TRY IT -> Copy verbatim the span of lines beginning at the line that contains "Columna mueble ba" and ending with the final line of the data. Exclude pictures from the copy.

RECORDED DATA ->

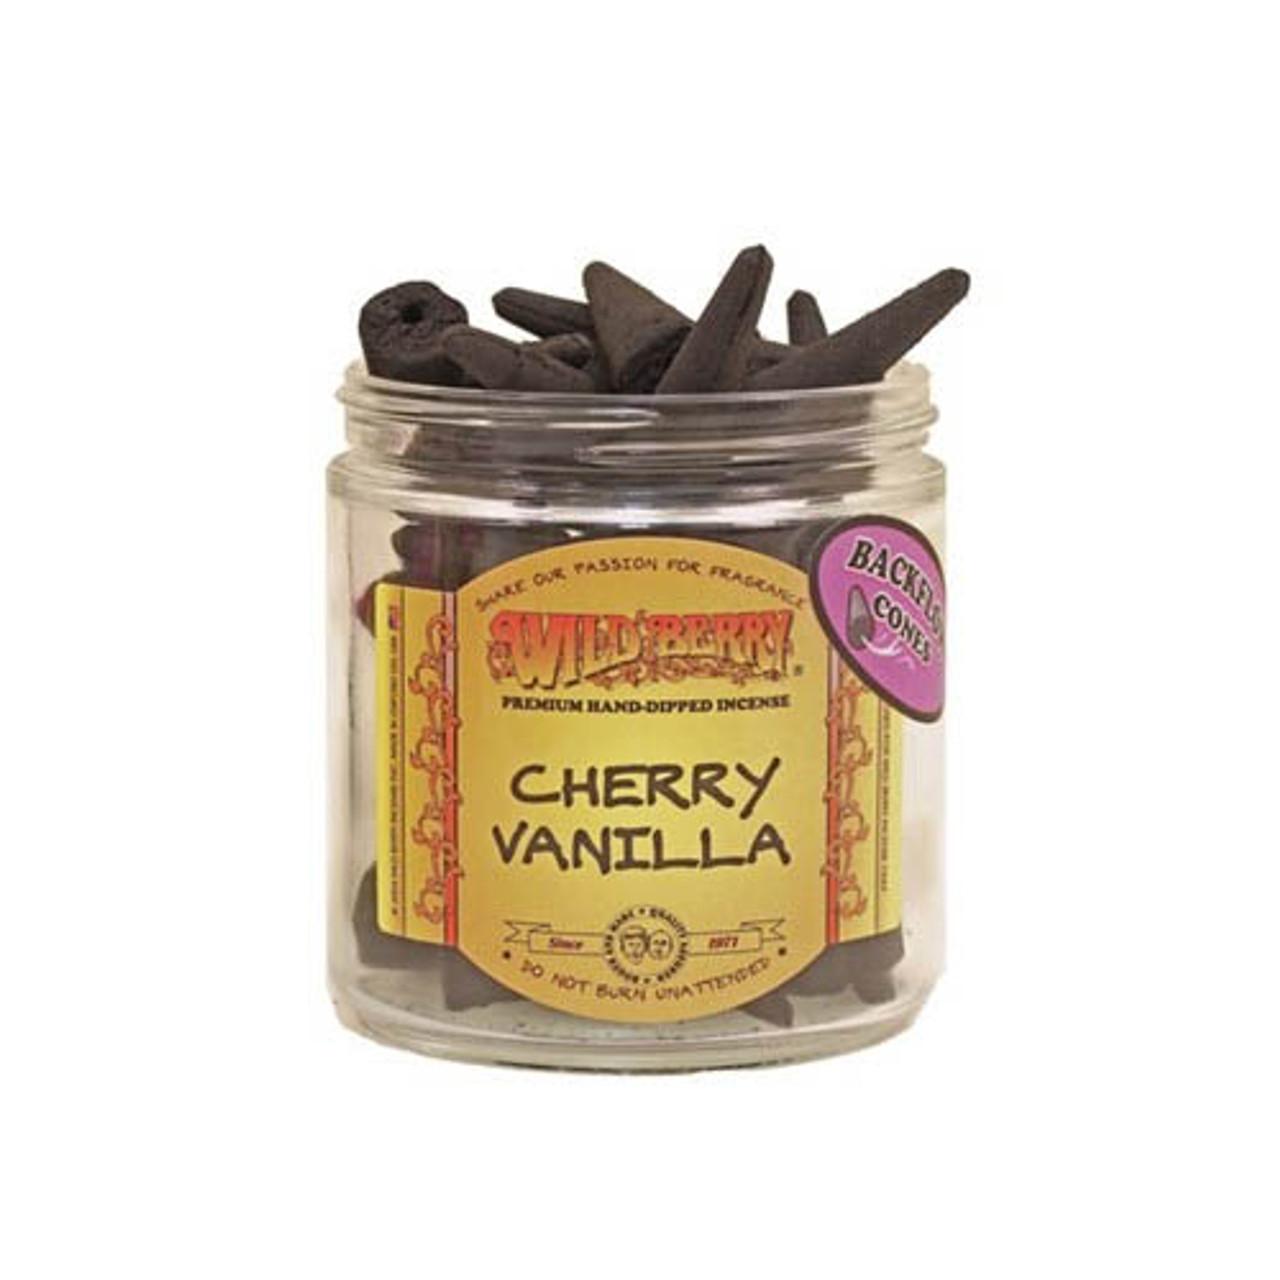 Wild Berry Incense Backflow Cones (Bag of 25)
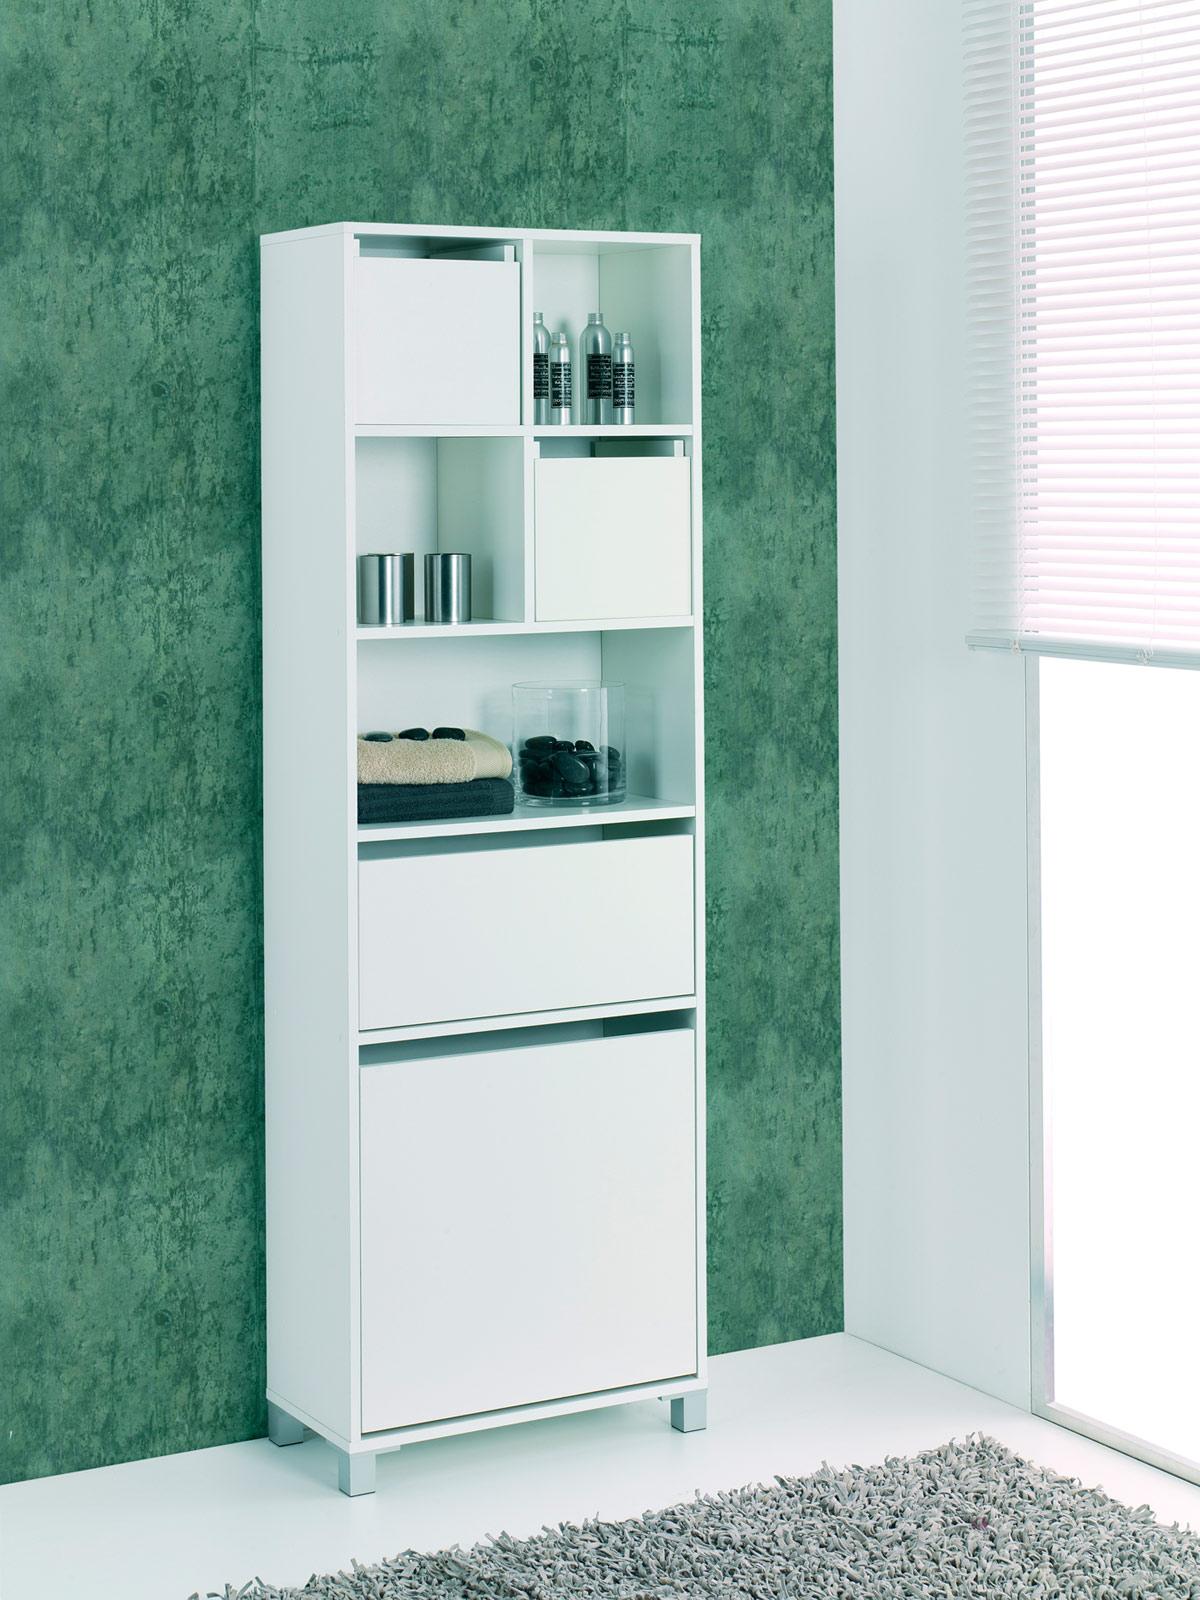 Columna mueble ba o en blanco barato oferta compradeluxe - Ofertas muebles de bano ...
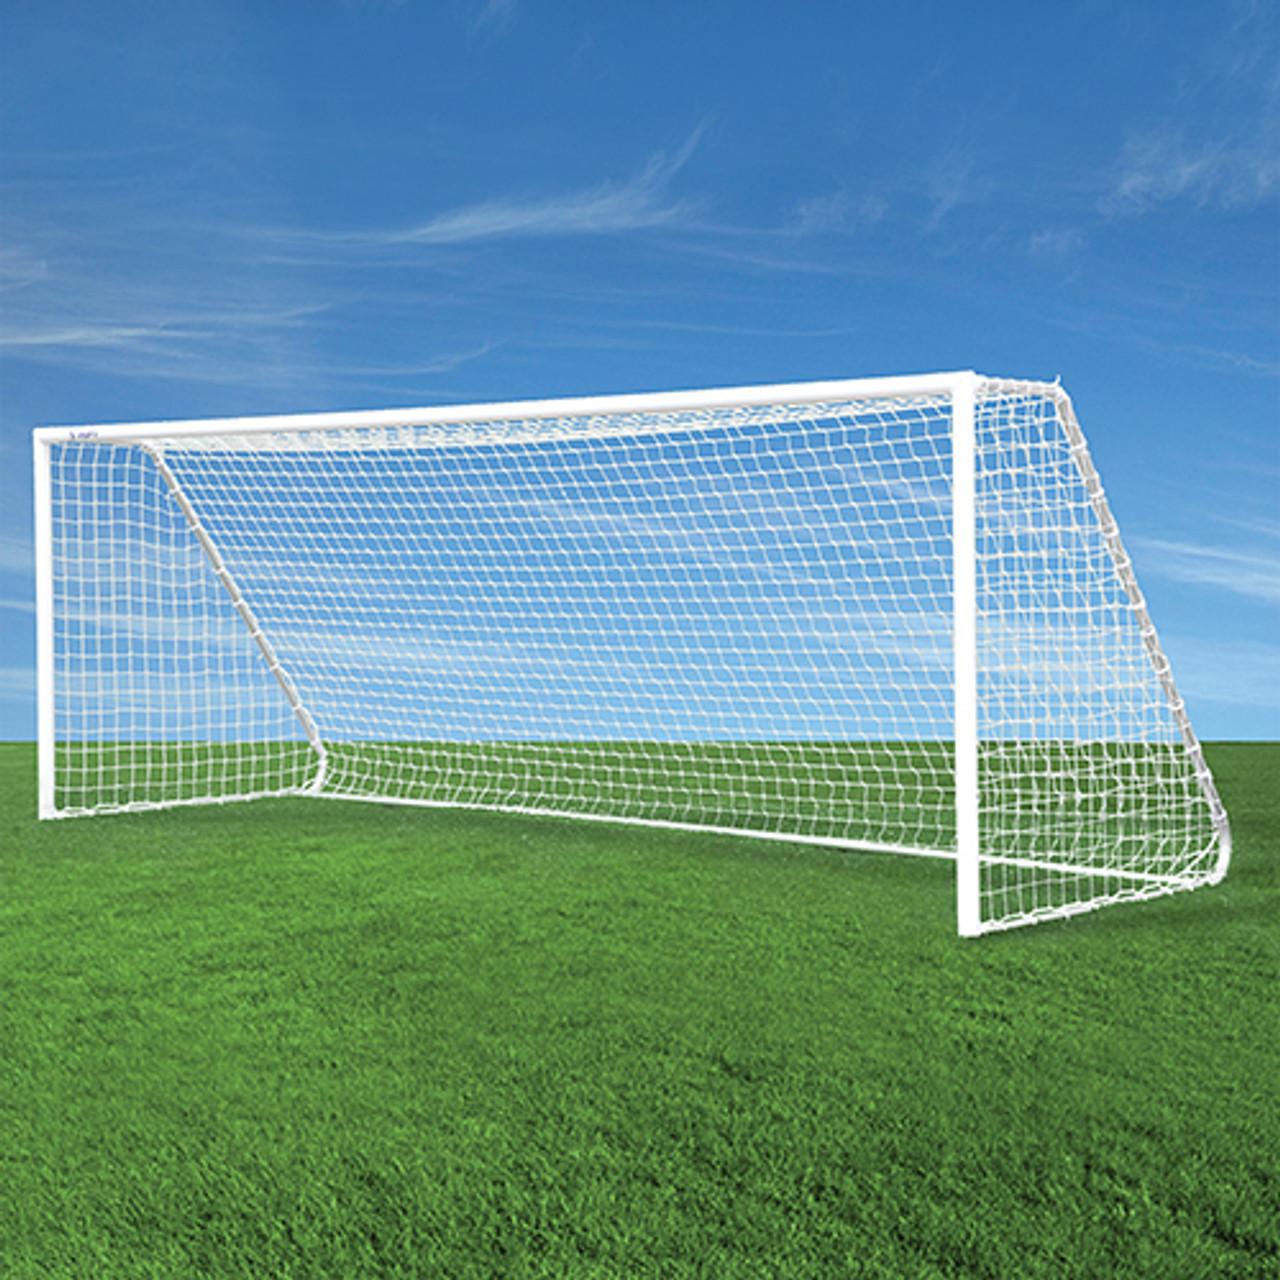 JayPro 8x24 full size regulation soccer goals
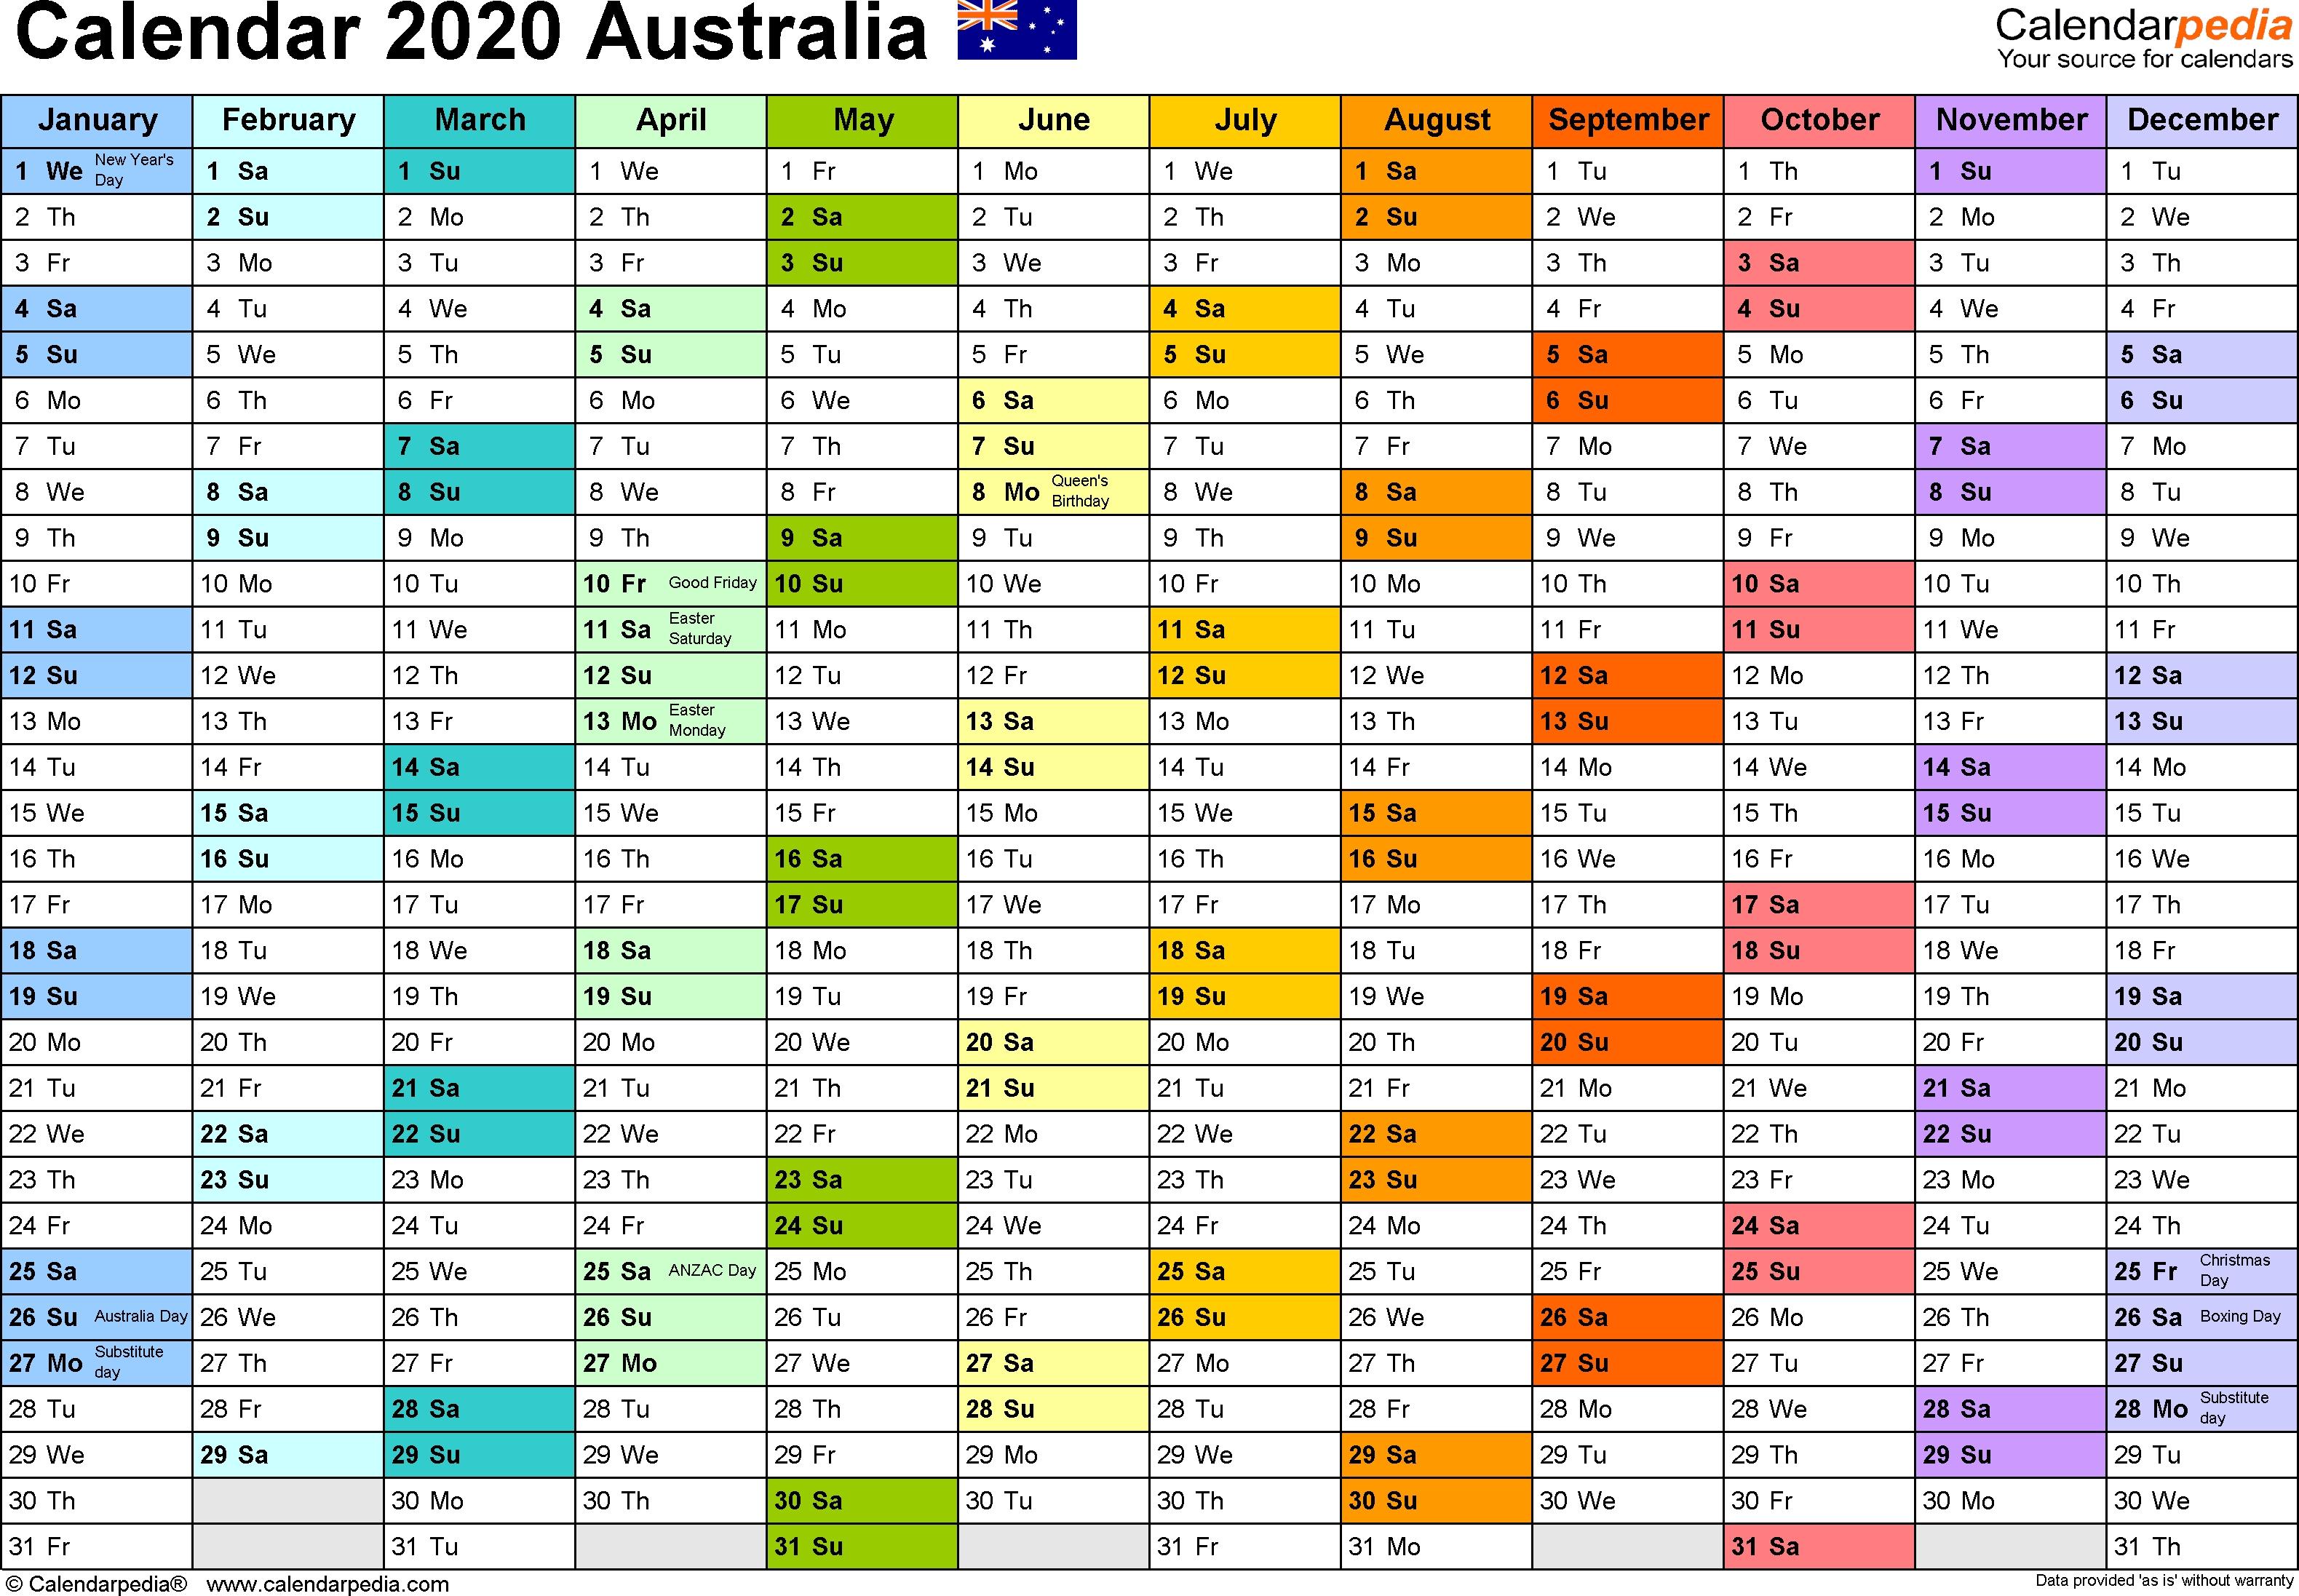 Australia Calendar 2020 - Free Printable Excel Templates  Financial Year 2020 Australia Dates

EXERCISE SOLUTION ->
 Columna mueble ba o en blanco barato oferta compradeluxe - Ofertas muebles de bano ...
 JayPro 8x24 full size regulation soccer goals
 Australia Calendar 2020 - Free Printable Excel Templates  Financial Year 2020 Australia Dates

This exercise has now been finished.